A common architectural pattern is to store recent data (days to weeks) in a time-series database for fast querying, then move older data to object storage in Parquet or CSV format for cost-effective retention. Query engines such as Amazon Athena or Trino can run SQL queries directly against data stored in S3 when ad-hoc analysis of historical data is needed.
Edge Storage
In many IoT deployments, it is important to store data locally at the edge before forwarding it to a central system. This serves two critical purposes:
- Resilience: If the network connection to the cloud or central server is interrupted, data is not lost. It is buffered locally and forwarded when connectivity is restored.
- Latency: Local storage enables real-time processing and alerting at the edge without waiting for a round trip to a remote server.
Edge storage is typically implemented using lightweight databases such as SQLite, or simple file-based storage with rotation policies to manage limited disk space on edge devices.

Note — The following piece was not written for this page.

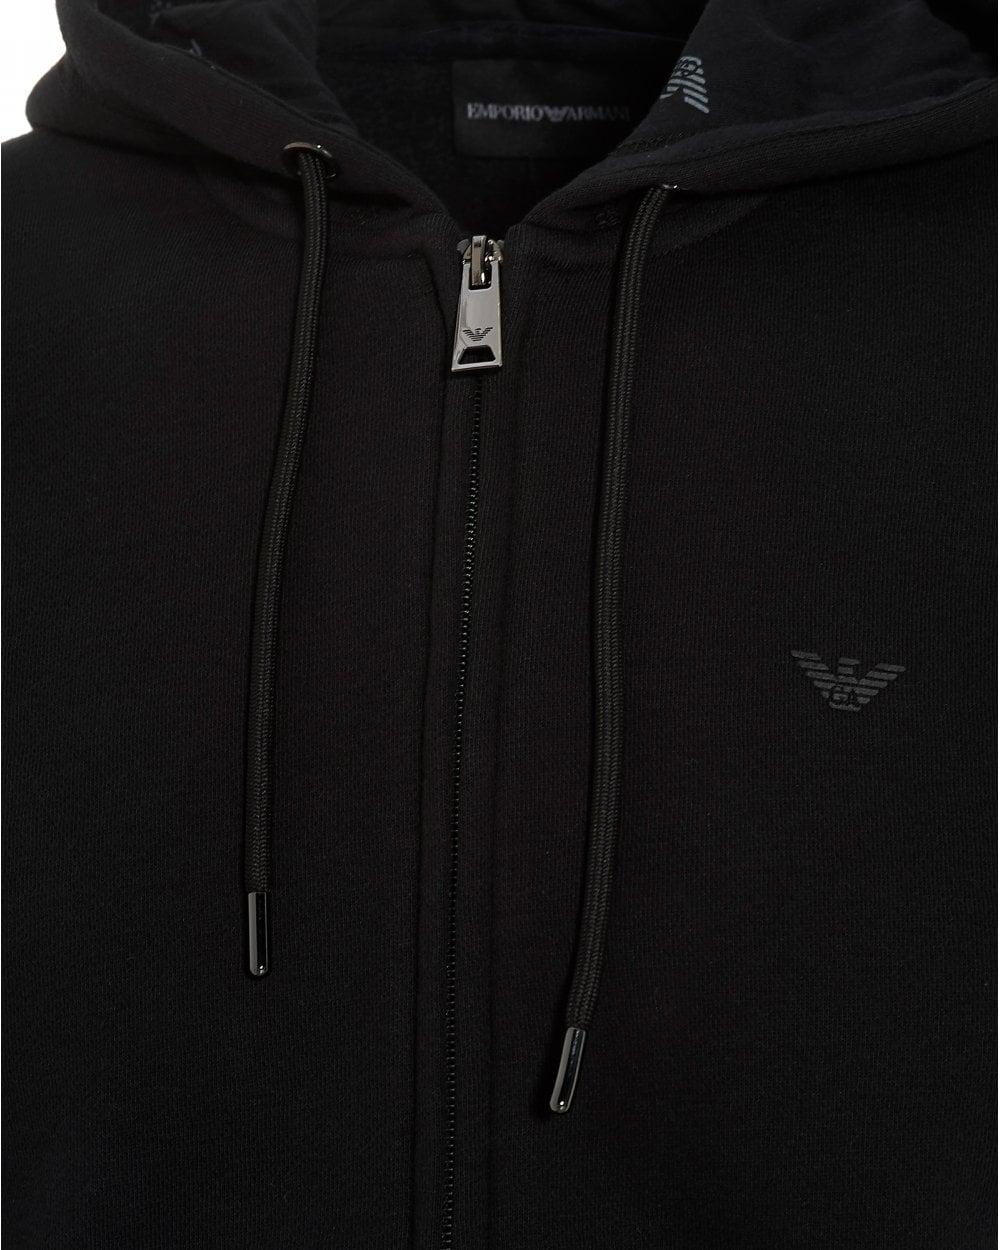 cf415d5f Emporio Armani Mens Zip Logo Hoodie, Black Hooded Sweatshirt
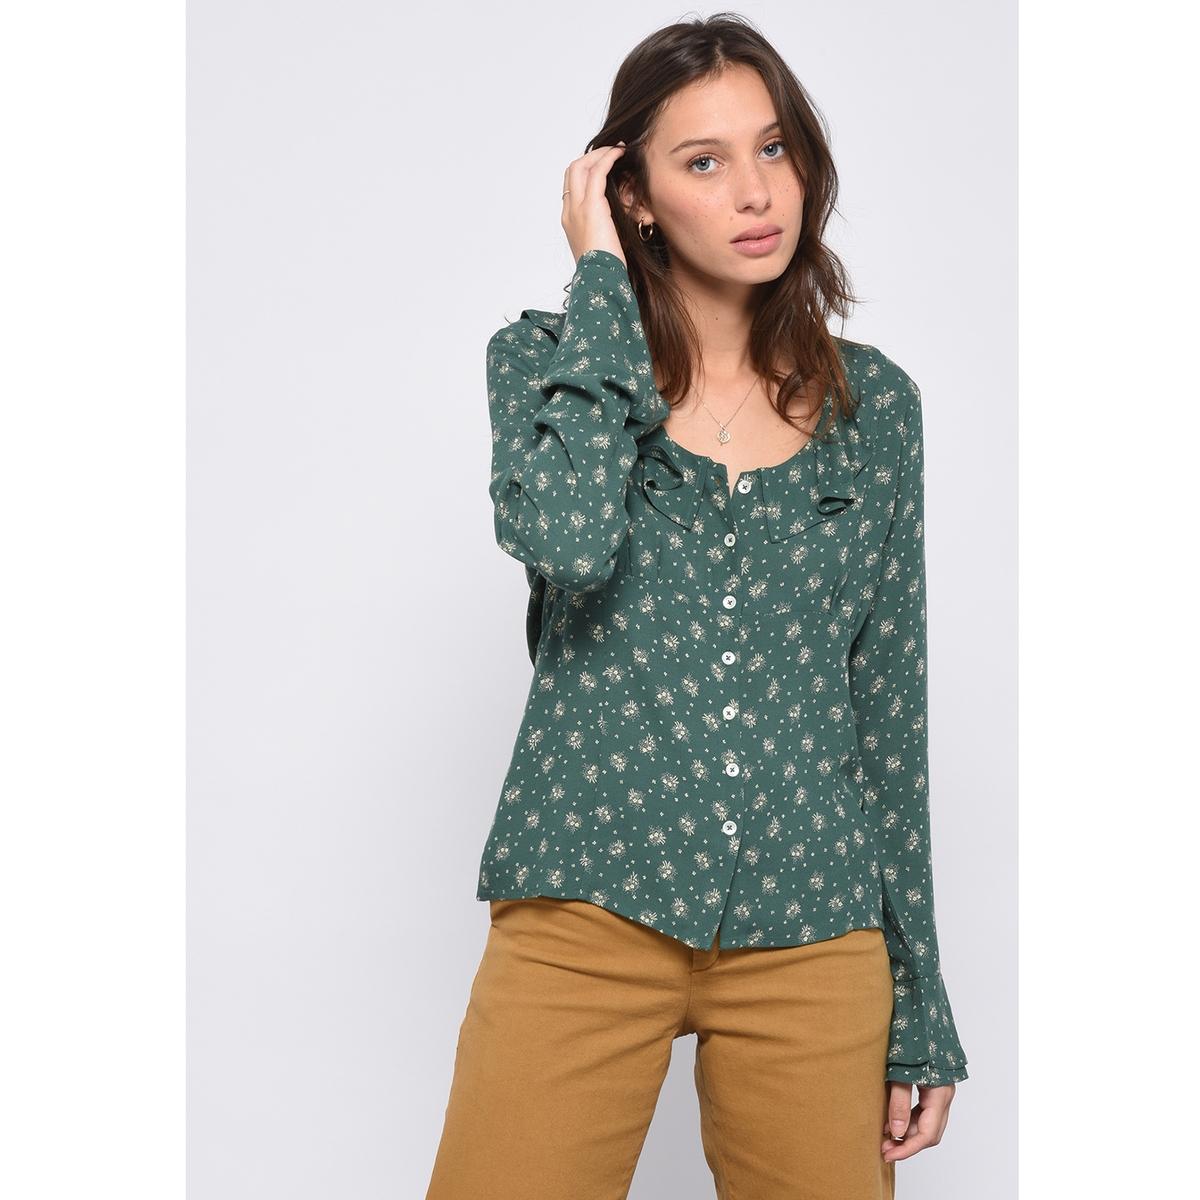 Рубашка с круглым вырезом с воланами CHOCOLAT tartine et chocolat футболка

The EpiSensor Gateway, for example, includes onboard storage that buffers sensor data locally. If the upstream connection to EpiSensor Core is interrupted, the Gateway continues to collect and store data. When connectivity is restored, the buffered data is automatically forwarded, ensuring no gaps in your monitoring records.
Hybrid and Tiered Architectures
In practice, most production IoT deployments use a combination of storage tiers:
- Edge buffer: Local storage on the gateway device for resilience and real-time processing.
- Hot storage: A time-series database for recent data (days to months) that is actively queried and visualised.
- Warm storage: A relational or document database for aggregated summaries, device metadata, and configuration data.
- Cold storage: Object storage for long-term archival of raw data at minimal cost.
This tiered approach balances performance, cost, and retention requirements effectively.
Choosing the Right Architecture
When selecting a data storage architecture for your IoT deployment, consider the following factors:
- Data volume: How many sensors, how frequently do they report, and how long must data be retained?
- Query patterns: Are queries primarily time-range based? Do you need real-time dashboards or batch analytics?
- Latency requirements: Do you need sub-second query responses for real-time monitoring?
- Compliance: Are there regulatory requirements for data retention, residency, or auditability?
- Budget: What are the infrastructure and operational cost constraints?
- Team expertise: Does your team have experience with the chosen technology?
How EpiSensor Handles Data Storage
EpiSensor's architecture is designed around a tiered storage model. The Gateway provides local edge buffering, ensuring data resilience even during network outages. EpiSensor Edge processes and forwards data to EpiSensor Core, which stores it in a scalable cloud infrastructure optimised for time-series energy monitoring data. Data is accessible via the Core dashboard for real-time visualisation and can be exported or streamed to external systems via MQTT or API integrations.
This architecture means customers benefit from best-practice data storage without needing to build and manage the storage infrastructure themselves.